> [Work to be completed] The lines in the listing below are to be given again exactly, starting at the line holding "A sunlit outdoor" and ending at the line holding "Acaba na próxima". Do not include pictures.

> [Information given]
-=-=-=-=-

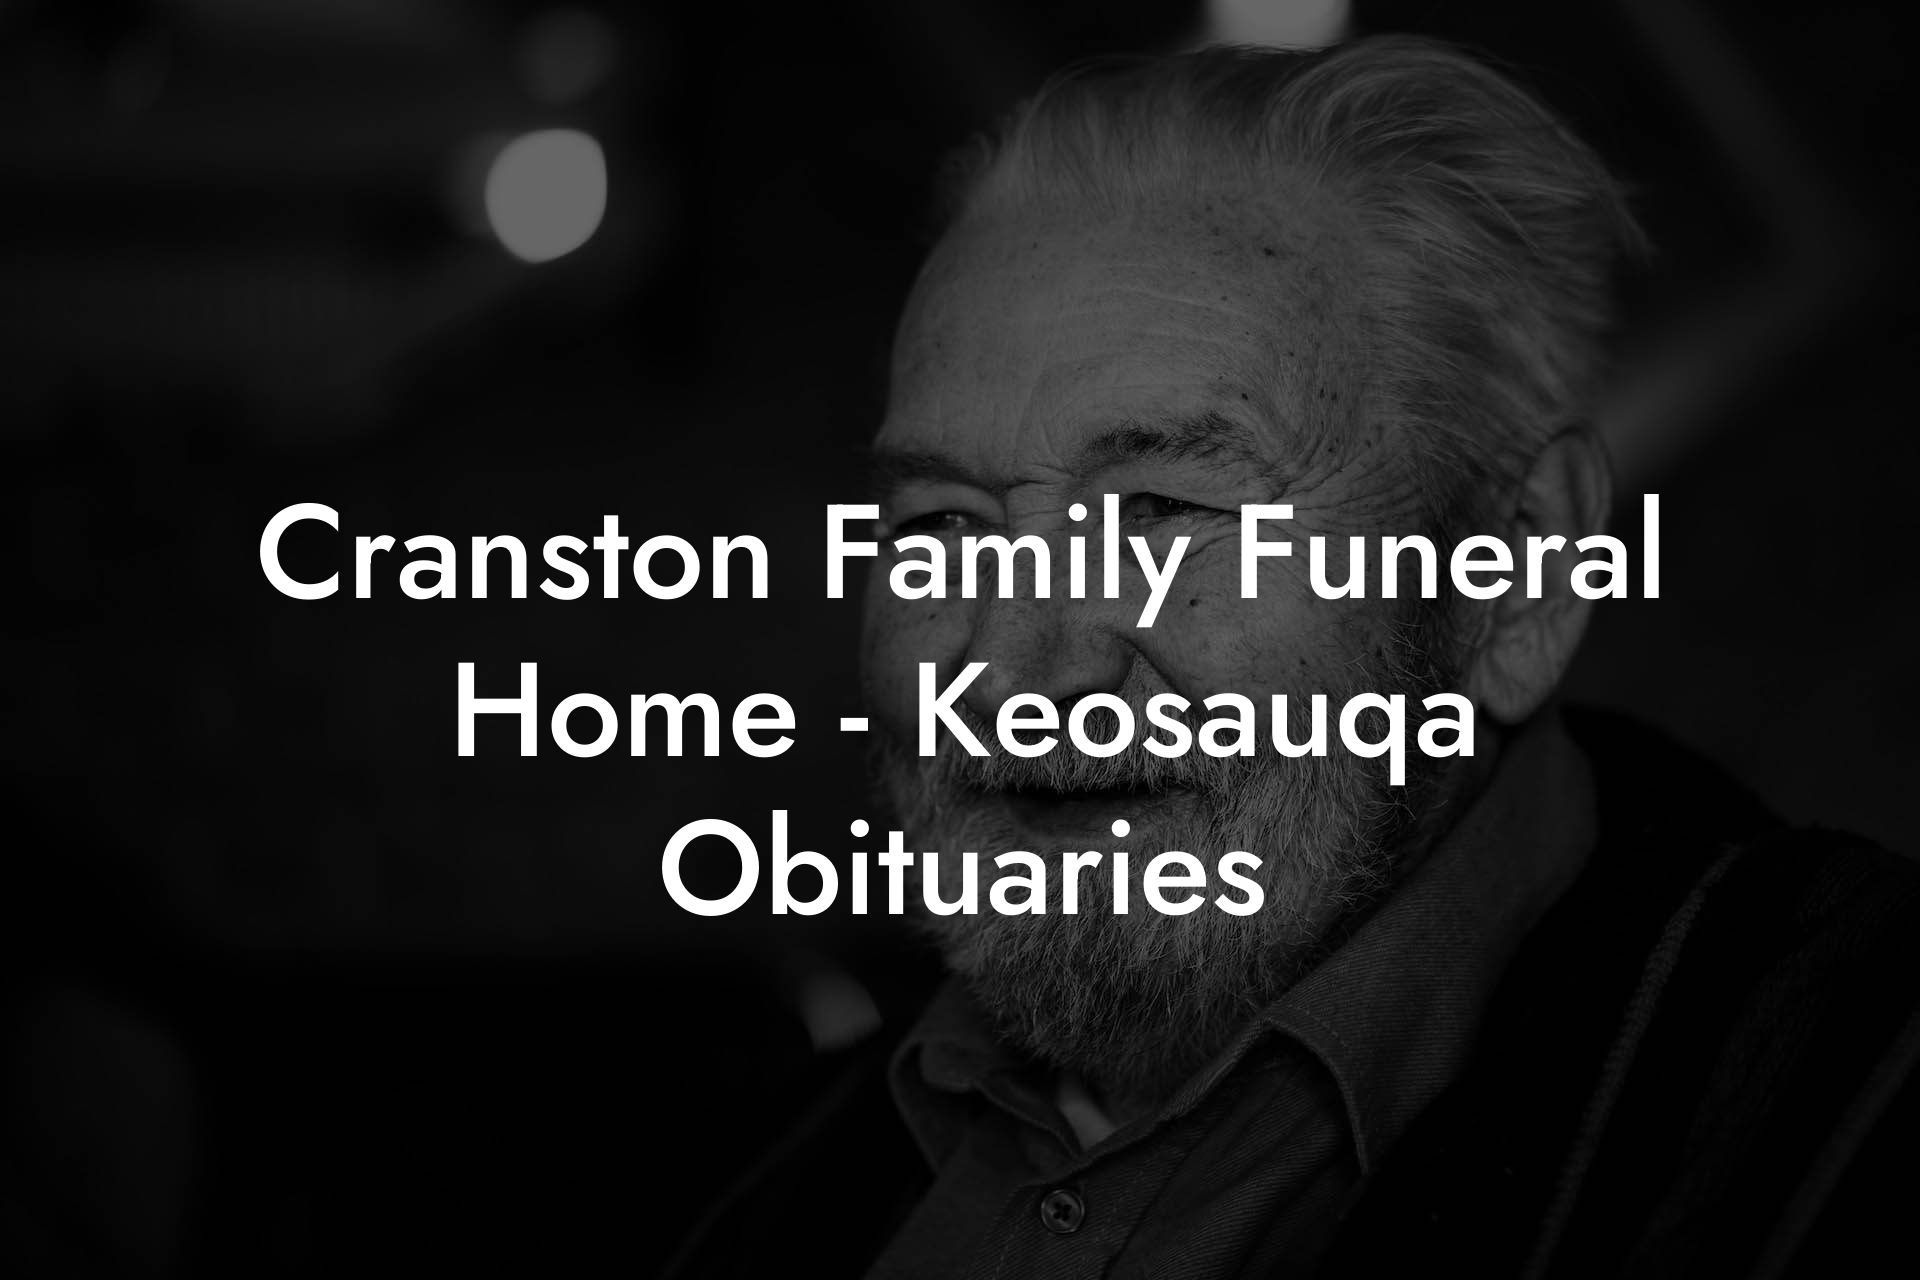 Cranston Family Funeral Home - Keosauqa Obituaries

-=-=-=-=-

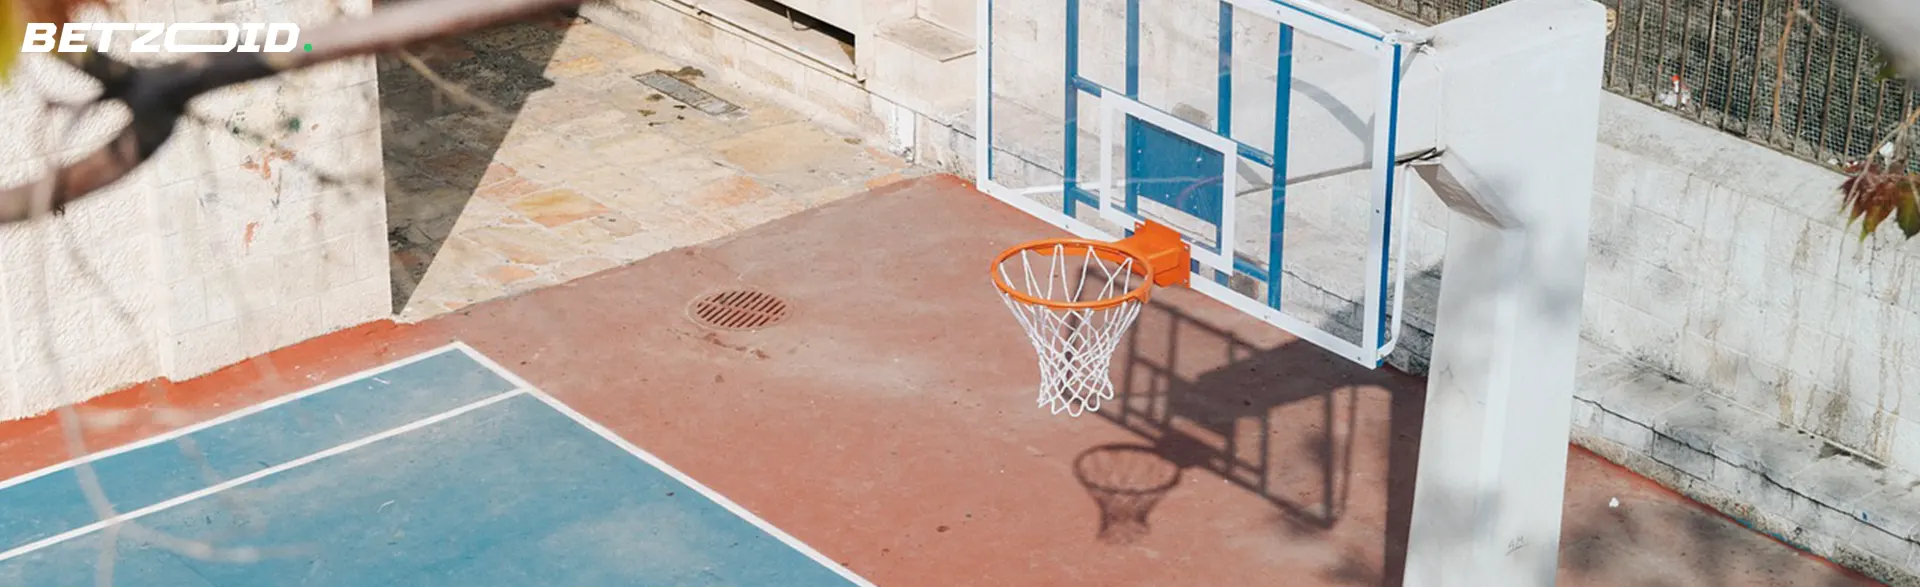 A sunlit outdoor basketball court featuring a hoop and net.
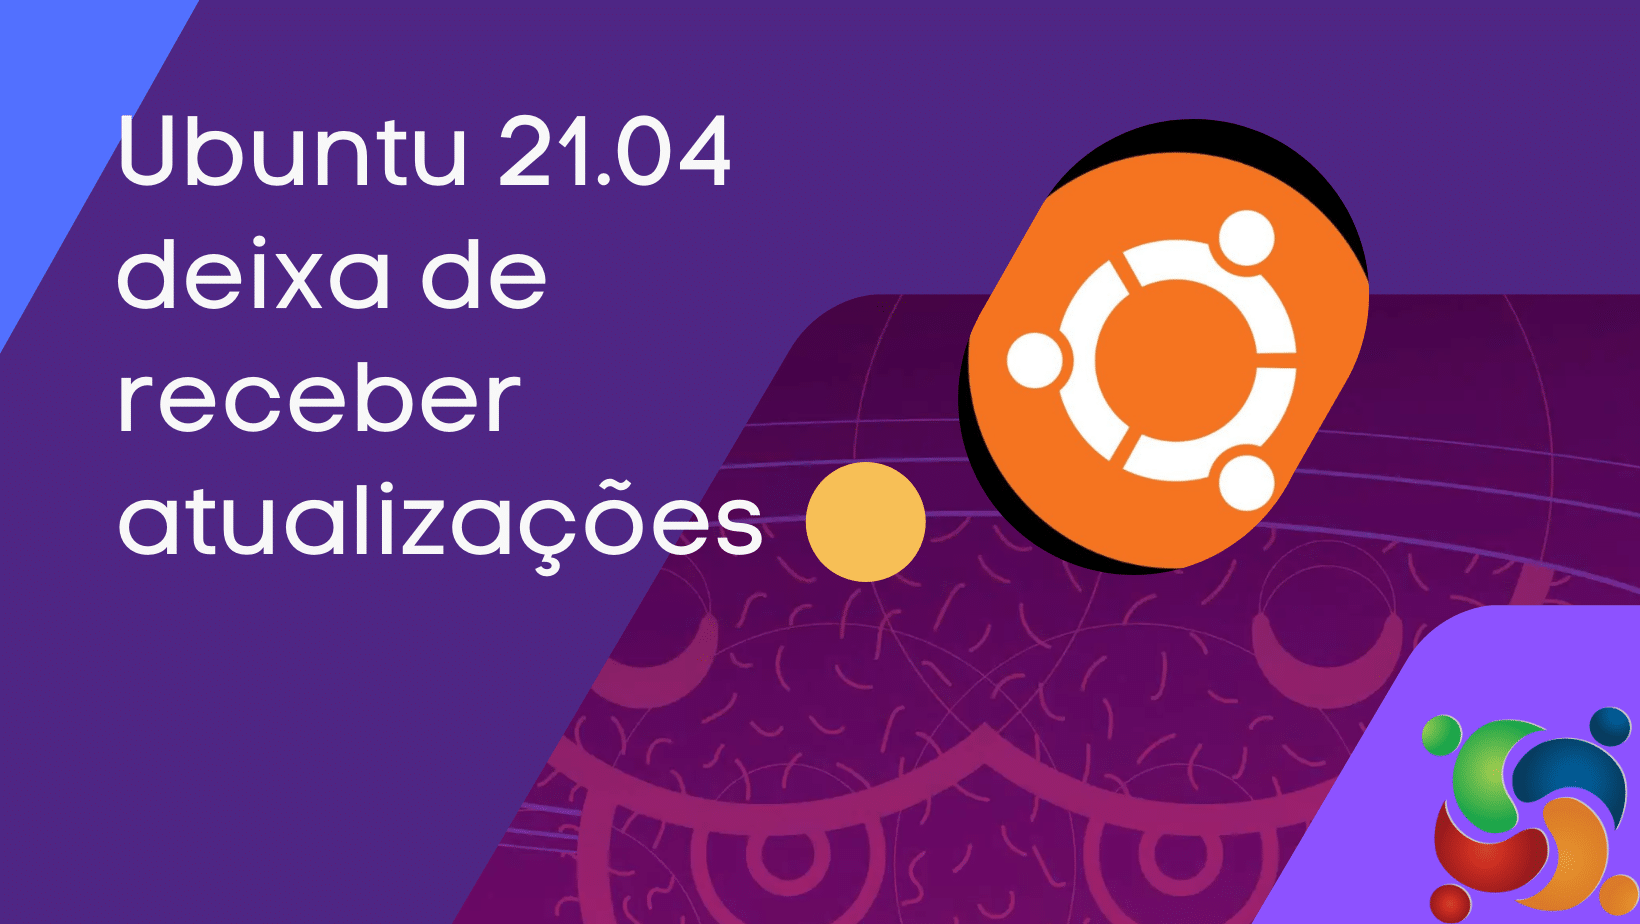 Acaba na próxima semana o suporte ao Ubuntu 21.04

-=-=-=-=-

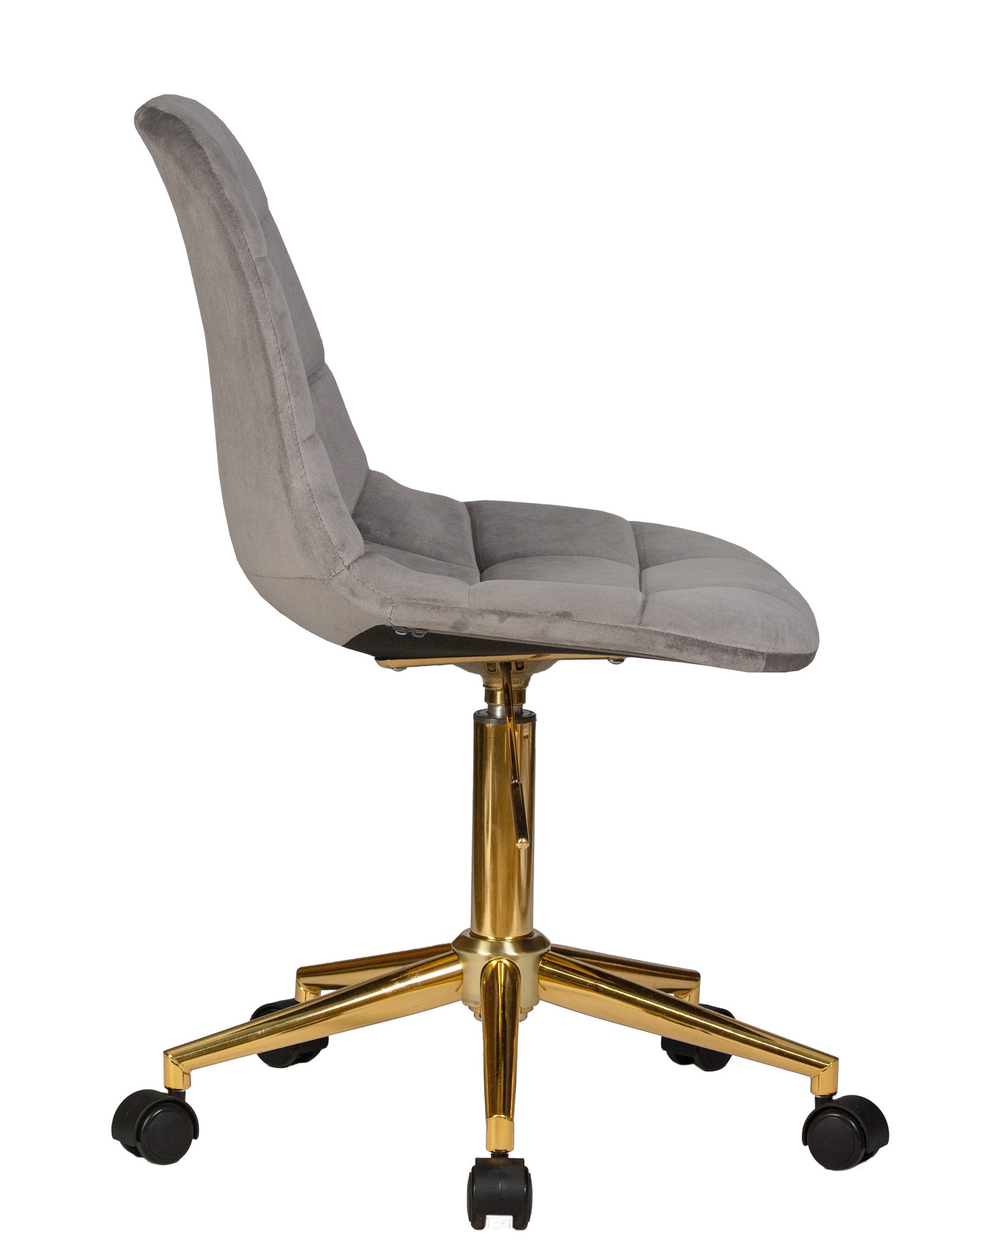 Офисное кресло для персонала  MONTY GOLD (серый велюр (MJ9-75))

-=-=-=-=-

> [Answer box]
 A sunlit outdoor basketball court featuring a hoop and net.
 Acaba na próxima semana o suporte ao Ubuntu 21.04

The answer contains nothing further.